Exclamó “sonriéndose un poco” el Caballero de la Triste Figura, cuando el carretero en cuyo carro iban dos leones regalados ‘a su majestad el rey por el general de Orán’, se negó a abrir la jaula de las fieras a las que desafiaba Don Quijote .
No contaré el “último punto y extremo adonde llegó el ánimo del caballero” en la aventura de los leones; me detendré en el magistral empleo cervantino del diminutivo en la exclamación quijotesca, que atenúa la importancia de los leones y rebaja su condición feroz, aun a sabiendas de su grave amenaza; al añadirle el ‘sonriéndose un poco’ se insiste en el valor sin par de Alonso Quijano…
El diminutivo exp resa una valoración afectiva orientada al interlocutor. Es notoria su naturalidad si nos dirigimos a los niños, pero su abuso o su empleo con personas mayores infantiliza el diálogo y al oyente. El diminutivo, además, enuncia la dimensión reducida de aquello a que nos referimos: casita, librito, papelito; no invitemos a alguien a nuestra ‘casita’, ni compremos un ‘terrenito’ de cinco hectáreas, ni mandemos una ‘cartita’ de cuatro páginas.

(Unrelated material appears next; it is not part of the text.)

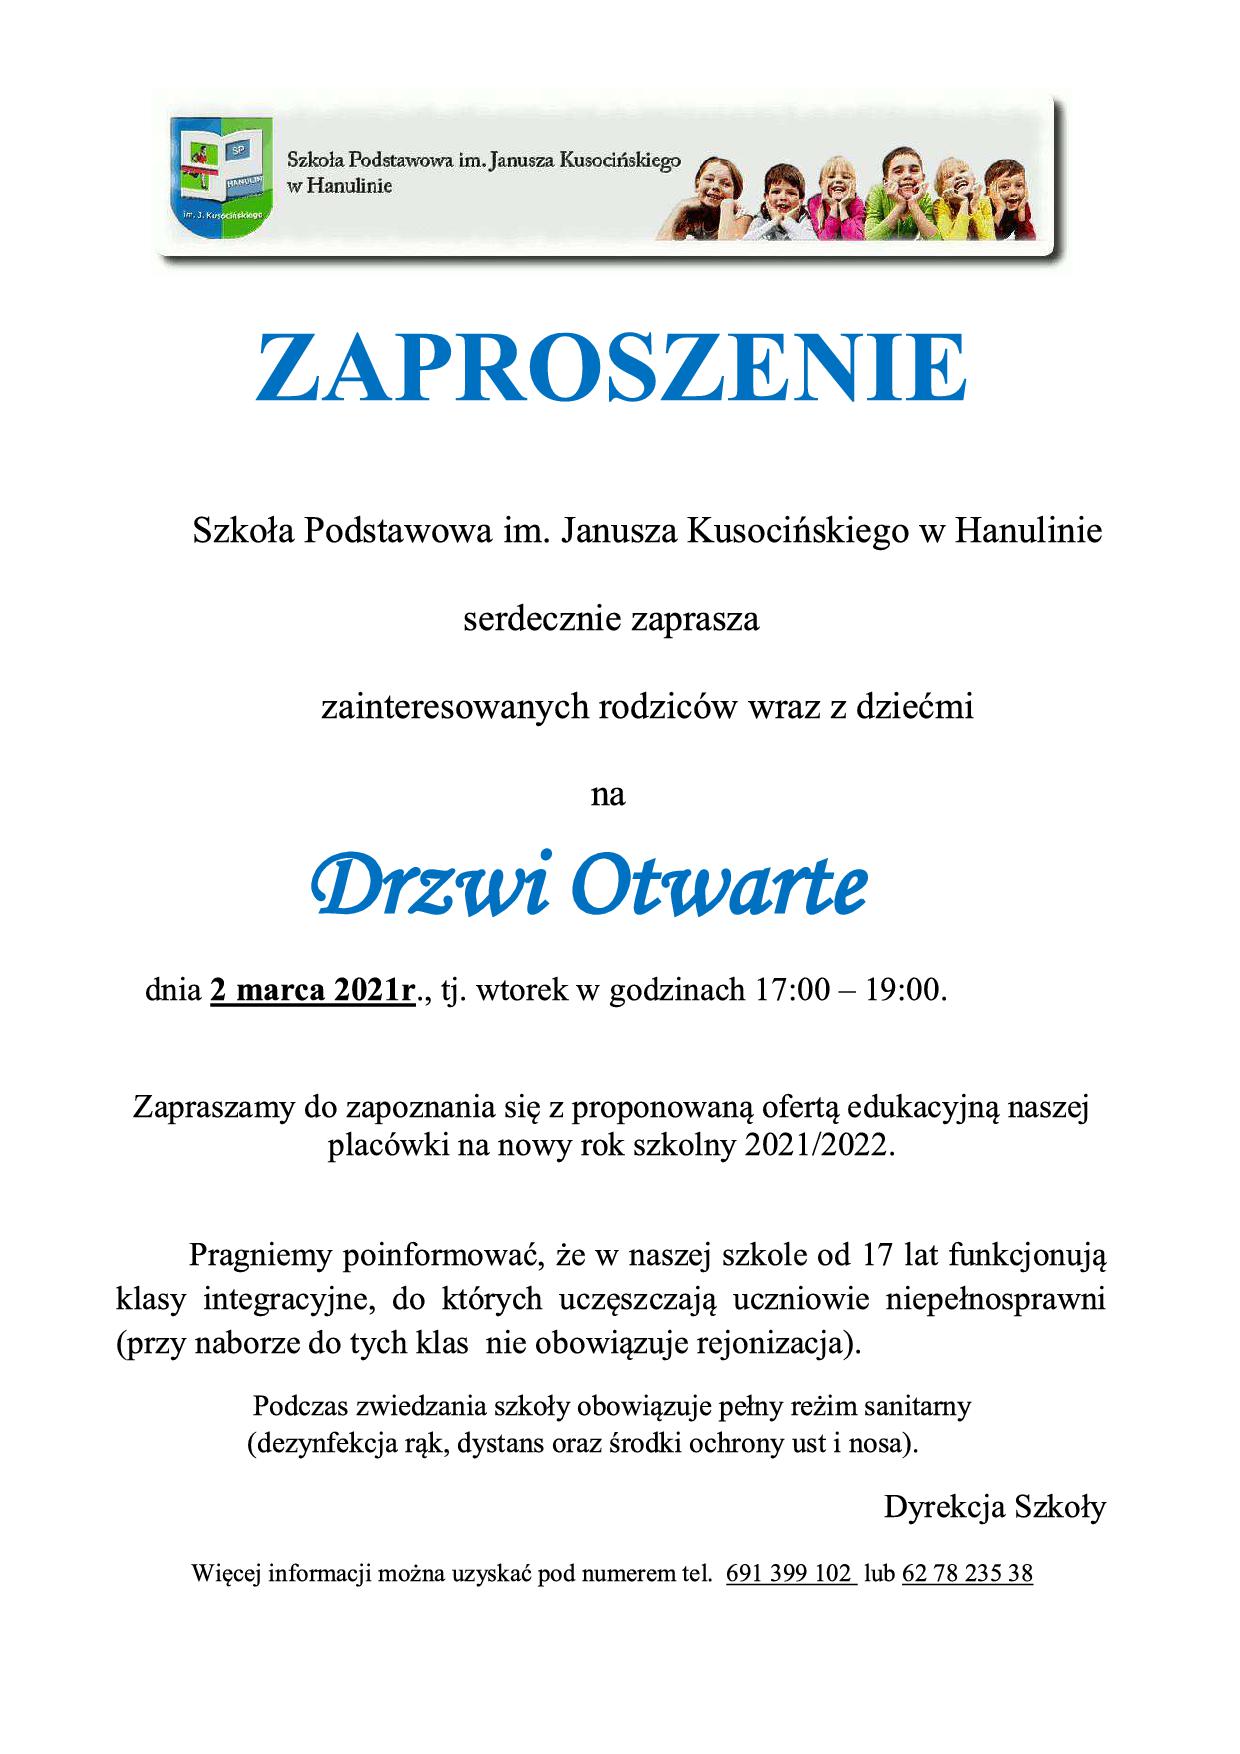 Zaproszenie - Drzwi Otwarte Szkoła Podstawowa im. Janusza Kusocińskiego w Hanulinie

Y si hablamos del ‘viajecito’, hagámoslo si fue un viaje breve, no para disculparnos por su costo menor, o porque no nos llevó al Caribe de moda.
Nuestro uso desmedido del diminutivo intenta disminuir la realidad, la llamada, la opinión o la expresión, como si tuviéramos que disculparnos por estar vivos, y por manifestarlo. Es, también, forma de exagerar un afecto inexistente que debilita a hablador y oyente.

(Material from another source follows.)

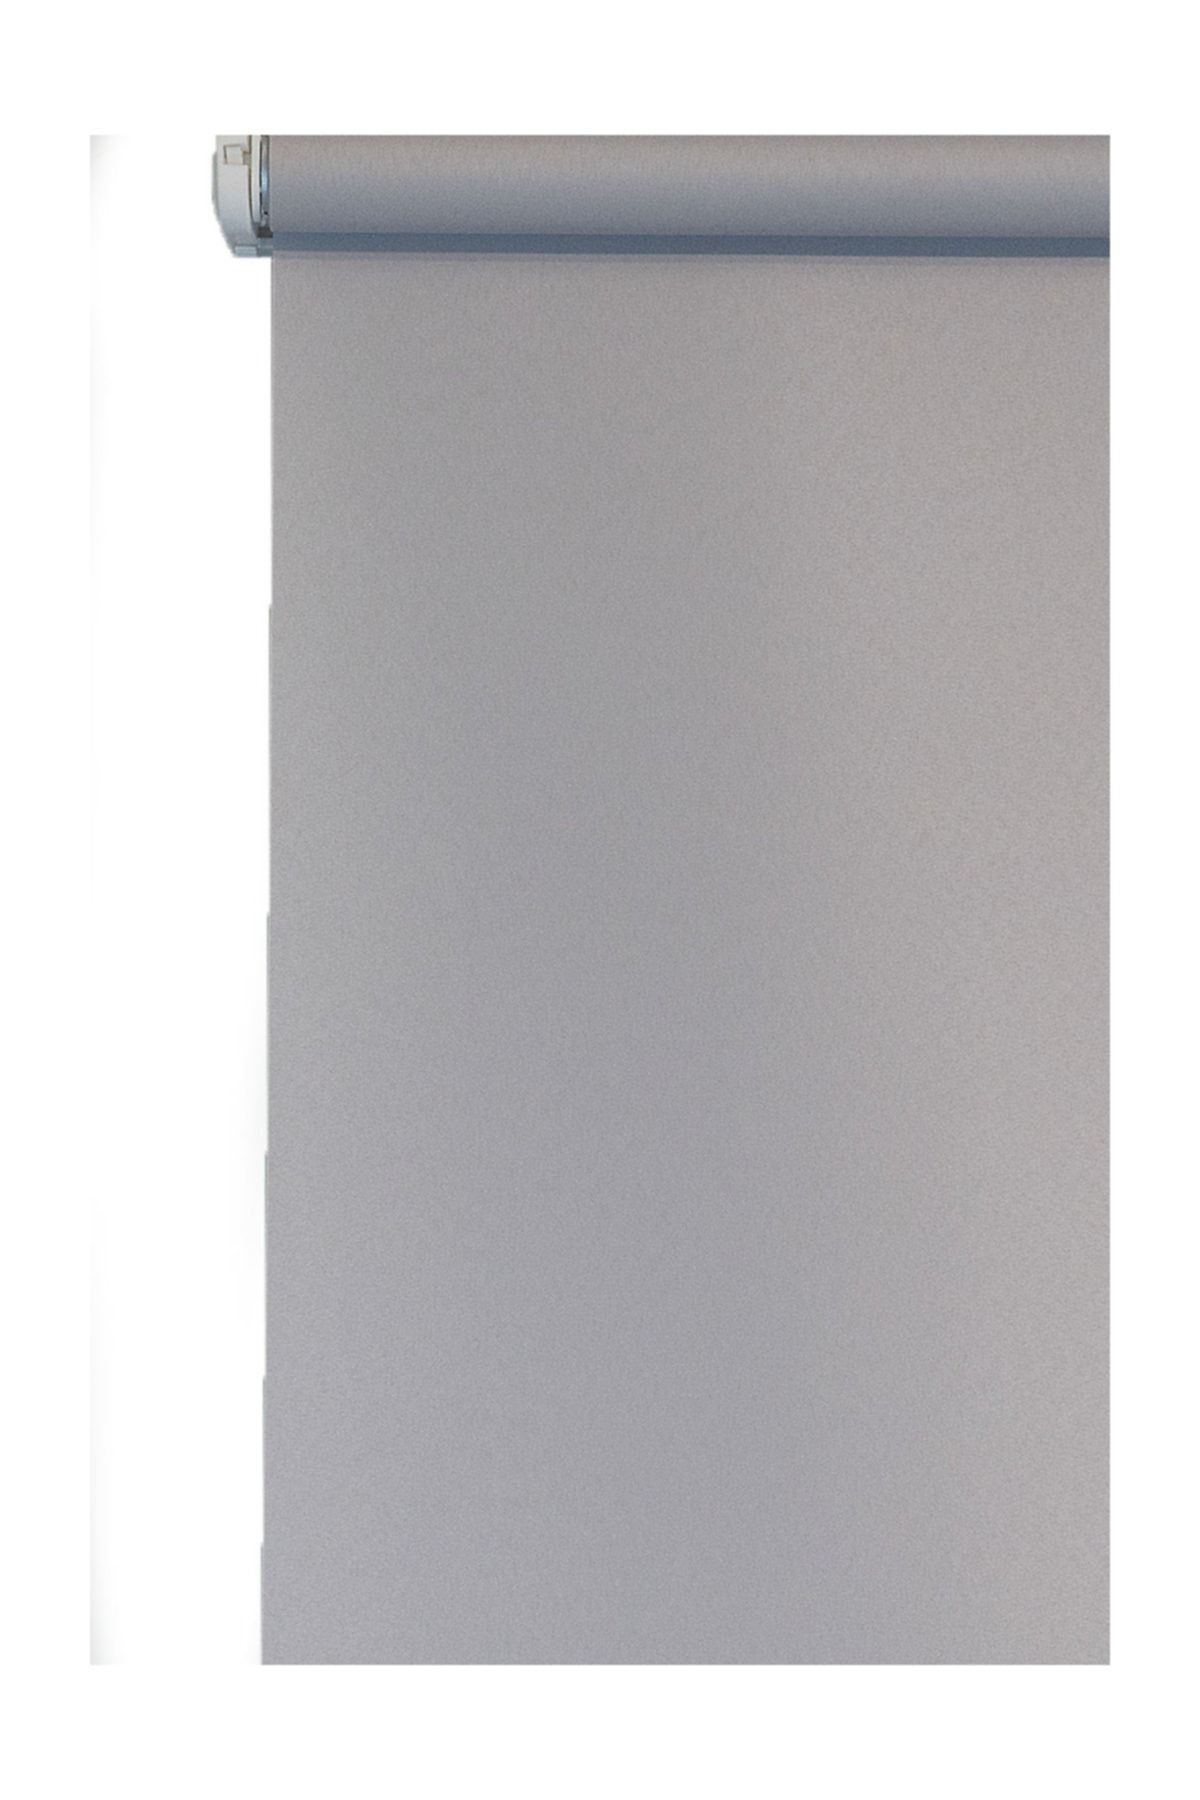 Efor Polyester Serisi Koyu Gri 150x200 cm

¡Qué lejos, el uso cervantino, de la servicial -¿o servil?- explicación del guardia del banco: “Señora, le toca después de las dos personitas” -me imagino a mí misma y a las otras dos, ínfimas y mustias, retaceadas por la exclamación del guardia que me entristece y le opaca-. Y no cabe actitud más suplicante que el horrible modo del burócrata: -Regáleme una firmita. Igual que el tratamiento de la peluquera: -¿Ya se lavó el pelito? Y el de la señora que maquilla a la dama de la novia: -Cierre el ojito. O el -¿le tiño las canitas? ¡Ay!, y el de la oculista que exhorta a alzar el parpadito y el del médico, a sacar la lengüita, y el del dentista, a abrir la boquita… ¿Será, digo yo, el tratamiento debido a mi femenina condición? No me imagino al barbero cercenando el pescuecito del hombre de pelo en pecho. Pero si el uso del diminutivo es una posibilidad de la lengua, ¿cómo emplearlo? Al respecto, unas recetitas: Nada de Francisquito o Penelopita, ni de falsa humildad; nada de vivir pidiendo perdón ni tratando de halagar a todos por hablar al menudeo. No nos excusemos por existir, por ser felices o infelices: a nadie le importan tales excusas. Con una sólida interioridad, el diminutivo brotará en la situación precisa, despacito y leve, sin herirnos ni mentir.